Q. Mais le monde n'a-t-il pas la responsabilité
de faire quelque chose contre ceux qui abusent de leur pouvoir par des actions contre
leur propre peuple, comme dans le cas d'un gouvernement qui utilise les armes chimiques
dans un conflit ?
R. Cette demande recouvre trois questions, qu'il
convient de séparer clairement. La première porte sur le fait que tout abus de
pouvoir doit être condamné et rejeté. Avec tout le respect que j'ai pour le peuple
des Etats-Unis, je crois que l'usage précis de la force qui se prépare actuellement
est en lui-même un abus de pouvoir. Les Etats-Unis d'Amérique doivent cesser d'agir
et de réagir comme s'ils étaient le « grand frère » d'un quartier qui s'appellerait
le monde. Une telle attitude conduit inévitablement à des abus, à des chocs violents
et à des démonstrations de force devant les membres les plus faibles de la communauté. La
deuxième est que, si des armes chimiques ont été utilisées, il faut encore satisfaire
à l'obligation de montrer au monde, de manière claire, que cet usage est le fait d'un
côté du conflit, et non pas de l'autre. Il ne suffit pas qu'un membre du gouvernement
du pays qui désire attaquer dise qu'il en a la conviction. Il faut démontrer au monde
qu'il en est ainsi, sans laisser quelque doute que ce soit, afin que le monde puisse
faire confiance à ce pays. Cette confiance n'existe pas actuellement, et les spéculations
ont déjà commencé sur les visées ultérieures que les Etats-Unis pourraient avoir dans
ce projet d'intervention. La troisième est que les moyens considérés comme appropriés
pour punir l'abus commis à l'origine (une fois que l'on a montré que tel est bien
ce qui s'est passé) ne blessent pas à nouveau les mêmes personnes, déjà victimes.

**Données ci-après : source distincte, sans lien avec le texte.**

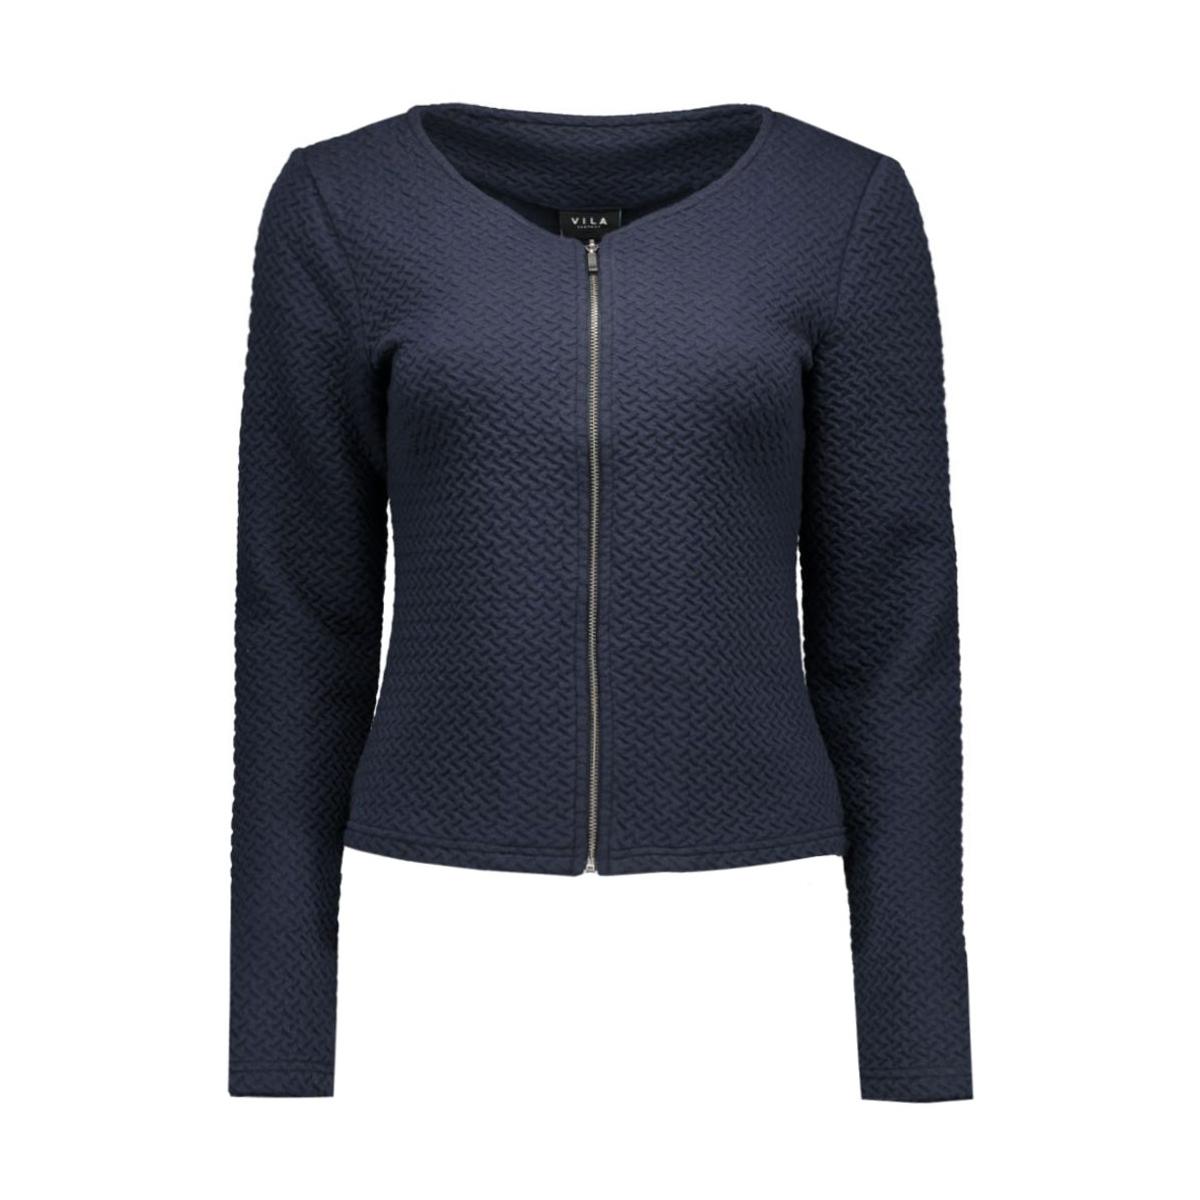 vinaja new short jacket-noos 14032657 vila vest total eclipse

L'expérience du passé nous apprend que cela est impossible (quand bien même on désignerait
les victimes par l'euphémisme « dommages collatéraux »). Le résultat est qu'augmente
la souffrance des citoyens ordinaires innocents et étrangers au conflit. Nous savons
tous que le grand souci des sages et des fondateurs religieux de toutes les traditions
et cultures est : « comment alléger la souffrance humaine ? » Il est très préoccupant
que, au nom de la justice, nous planifiions une attaque qui va augmenter la souffrance
des victimes.
Q. Vous n'êtes pas particulièrement dur contre
les Etats-Unis ?
R. Je ne le crois pas. Je n'ai aucun préjugé contre
ce grand pays et, en ce moment même, je travaille avec des jésuites de ce pays dont
j'estime beaucoup les avis et l'aide. Je n'ai jamais eu de sentiments négatifs à l'égard
des Etats-Unis, un pays que j'admire énormément pour beaucoup de raisons, parmi lesquelles
son ardeur au travail, sa spiritualité et sa pensée. Ce qui me soucie le plus est
que précisément ce pays, que j'admire sincèrement, soit proche de commettre une grande
erreur. Et je pourrais dire quelque chose de semblable à propos de la France : un
pays qui a été un véritable guide pour l'esprit et l'intelligence, qui a contribué
de grande manière à la civilisation et la culture, et qui est maintenant tenté de
conduire l'humanité à faire marche arrière vers la barbarie, et cela en contradiction
ouverte avec tout ce qu'il a représenté durant bien des générations. Que ce soit ces
deux pays qui s'unissent aujourd'hui pour une aventure aussi horrible est l'un des
éléments de la colère éprouvée en bien des pays du monde. Ce n'est pas le fait d'attaquer
que nous craignons ; ce qui nous atterre, c'est la barbarie vers laquelle nous sommes
conduits.
Q. Et pourquoi parler ainsi maintenant ?
R.
Parce que le problème se pose maintenant. Parce que le Saint Père prend des mesures
extraordinaires pour nous rendre conscients de l'urgence du moment. Avoir déclaré
la journée du 7 septembre comme temps de jeûne pour la paix en Syrie est une mesure
extraordinaire, et nous voulons nous unir à cette initiative. Nous pouvons nous rappeler
que, dans un passage de l'Evangile, les disciples n'étaient pas parvenus à libérer
un jeune du mauvais esprit, et Jésus leur dit : « Ce type d'esprit ne peut sortir
que par la prière et le jeûne ». Il m'est très difficile d'accepter qu'un pays qui
se considère chrétien - ou en tout cas qui fait référence à ce nom - ne puisse envisager
que l'action militaire lorsqu'il se trouve face à une situation de conflit, au risque
de conduire le monde, à nouveau, vers la loi de la jungle. (Source : http://www.sjweb.info/news/)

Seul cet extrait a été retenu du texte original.